**Prompt:** Your copy of the listing must be exact and must hold no images.

---------- Data shown

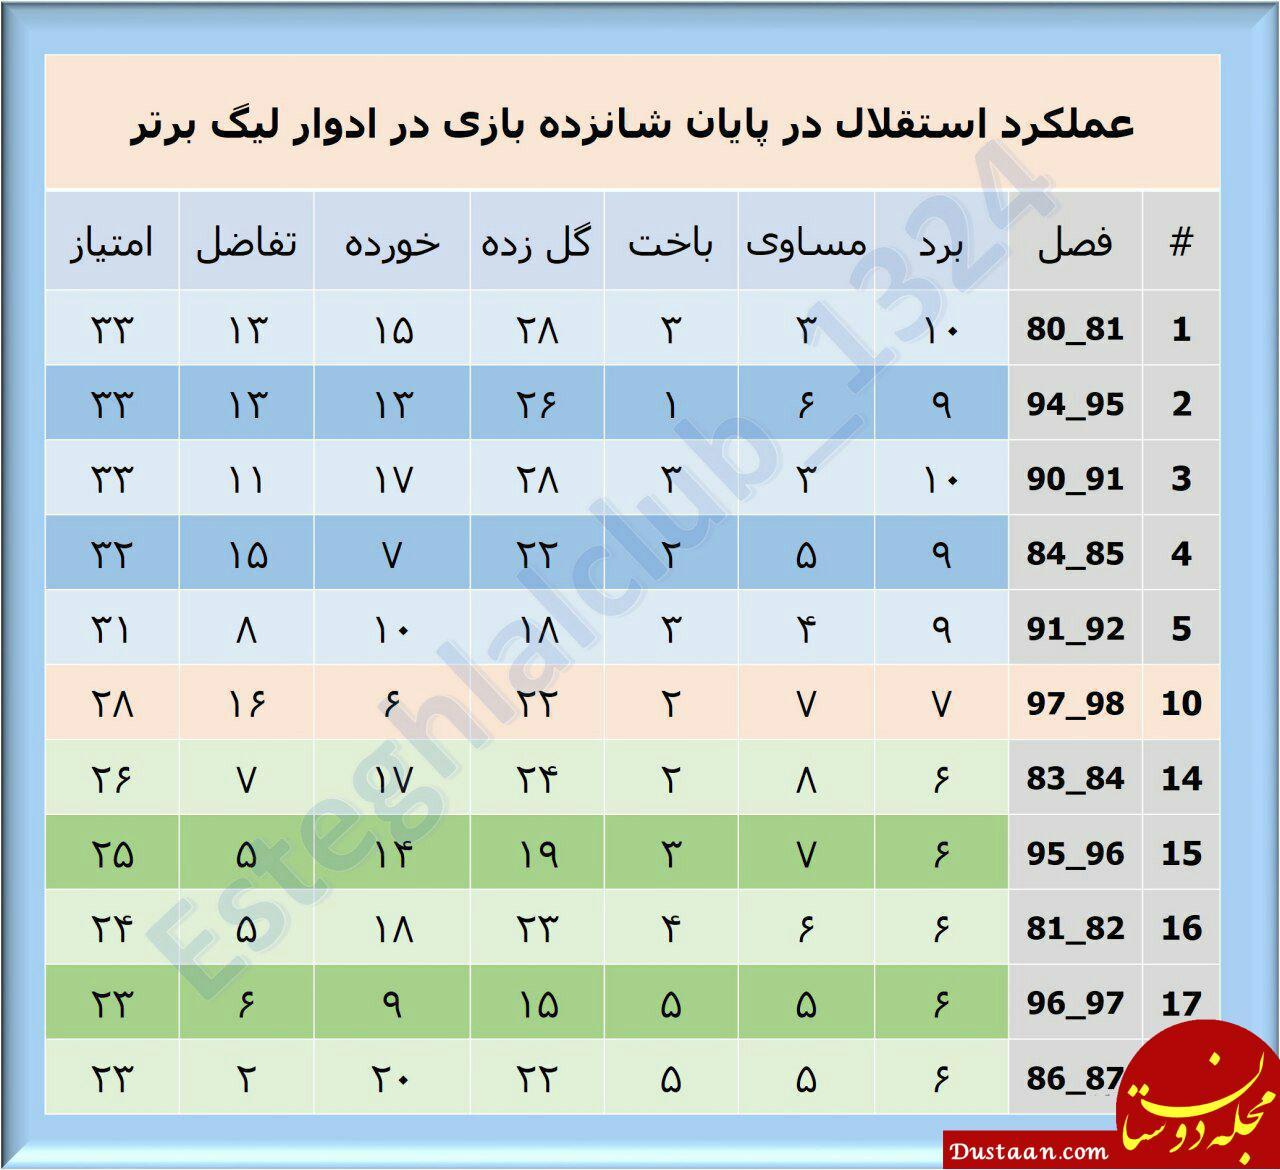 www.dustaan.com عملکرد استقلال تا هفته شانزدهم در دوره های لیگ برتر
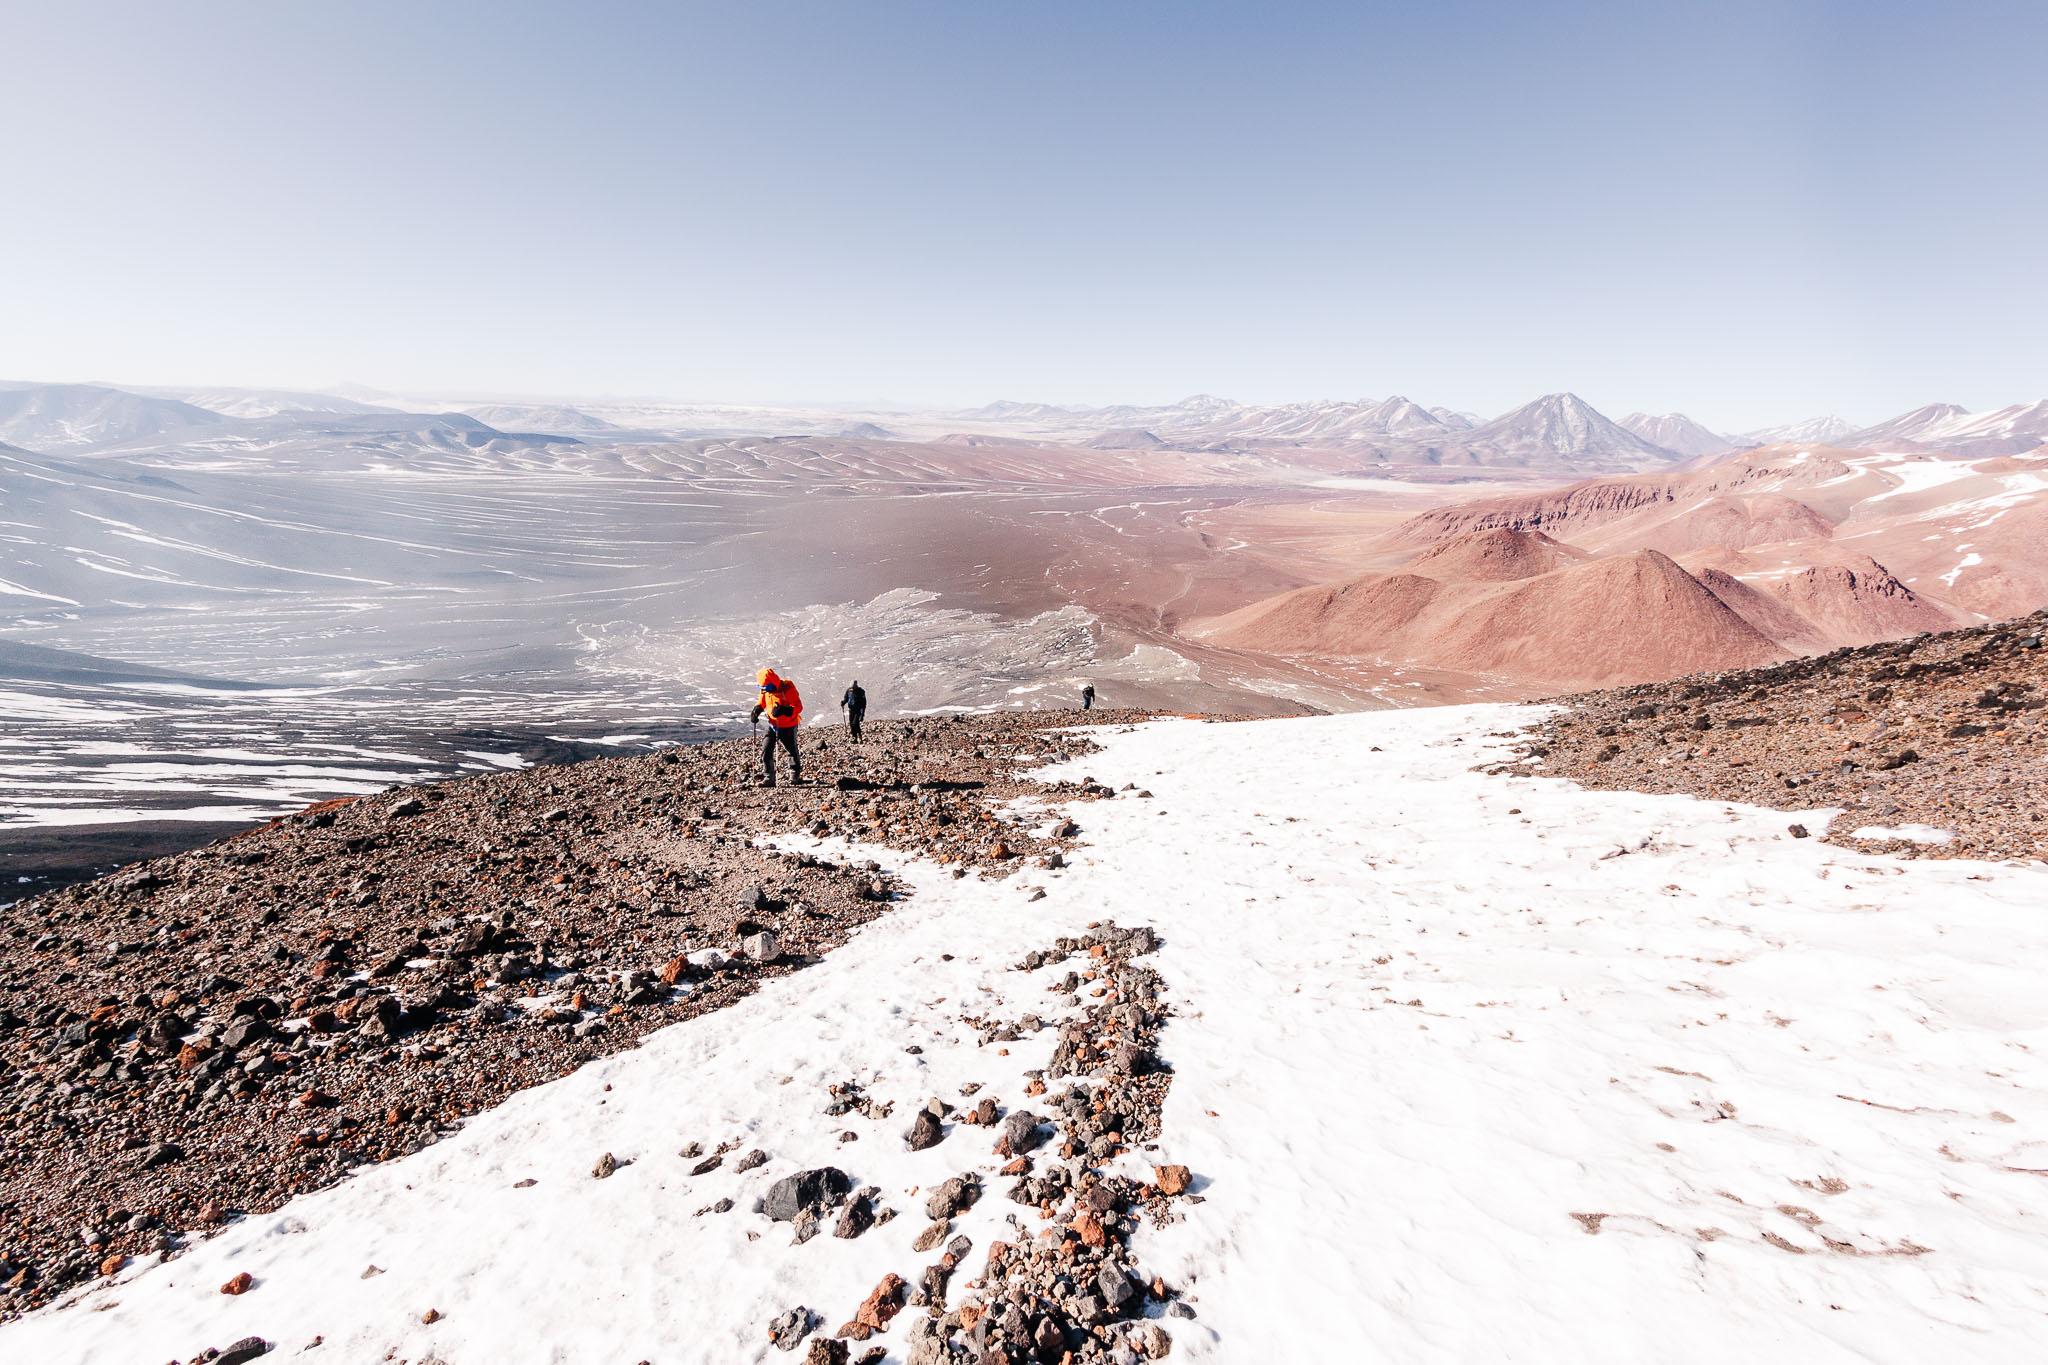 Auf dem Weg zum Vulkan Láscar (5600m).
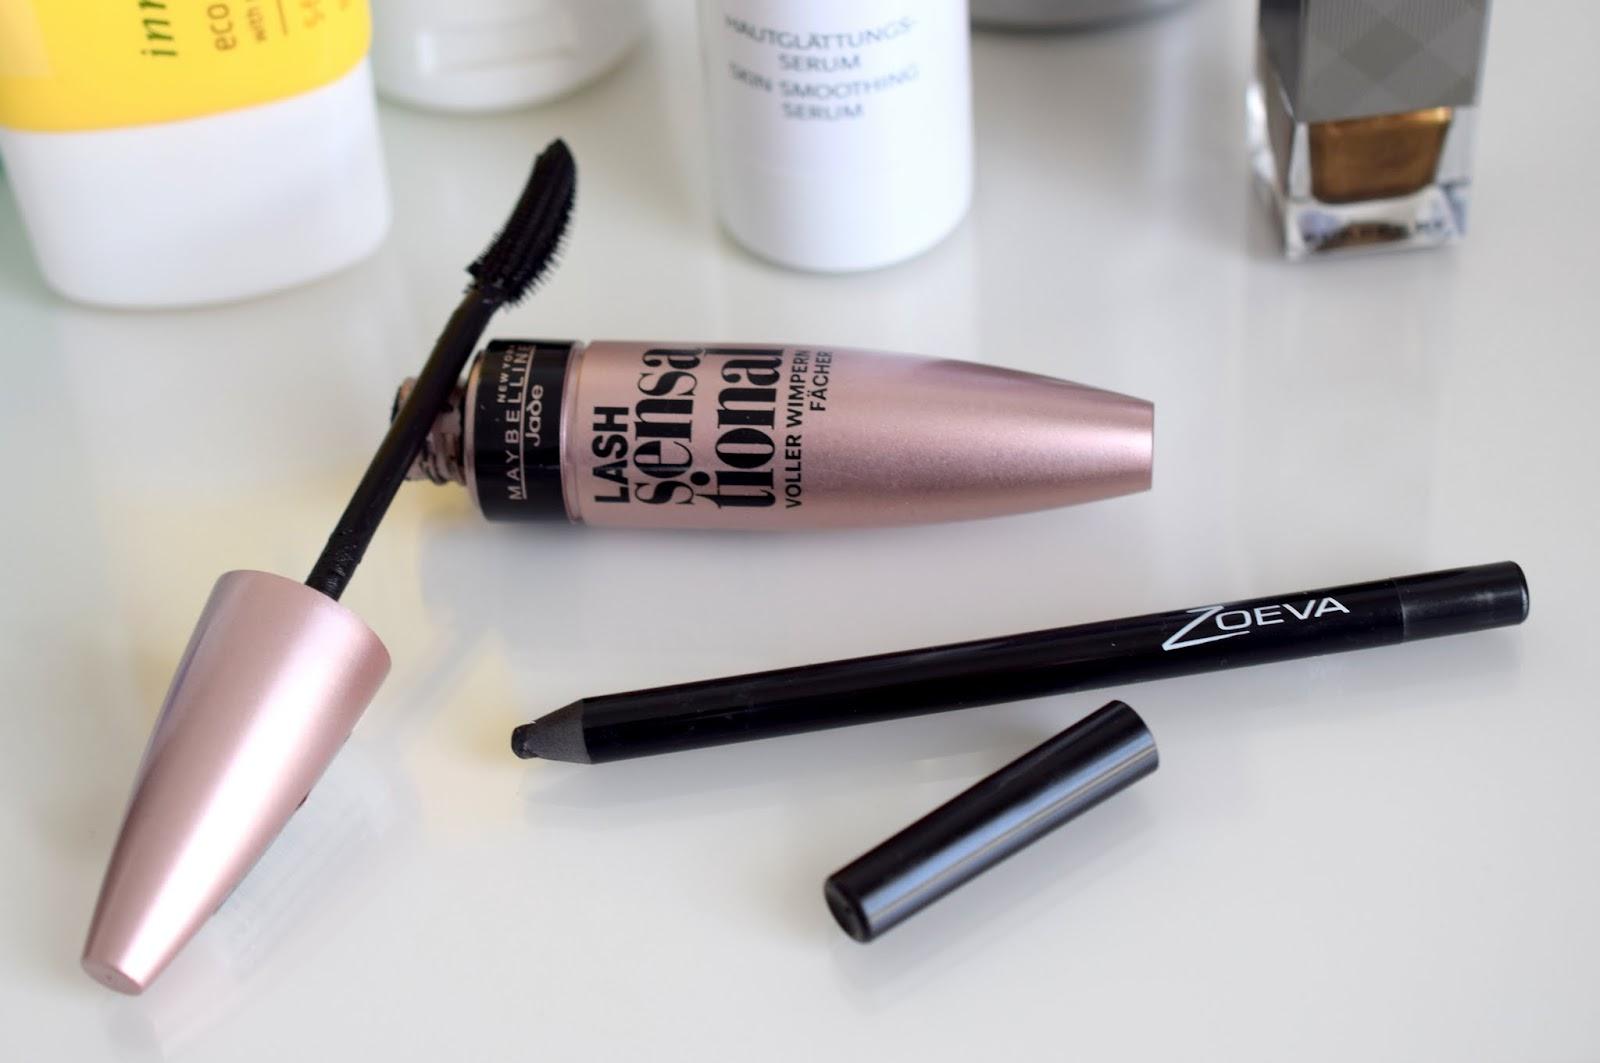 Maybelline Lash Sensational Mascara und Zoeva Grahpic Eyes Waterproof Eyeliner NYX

--------------------

**Result:**
 www.dustaan.com عملکرد استقلال تا هفته شانزدهم در دوره های لیگ برتر
 Auf dem Weg zum Vulkan Láscar (5600m).
 Maybelline Lash Sensational Mascara und Zoeva Grahpic Eyes Waterproof Eyeliner NYX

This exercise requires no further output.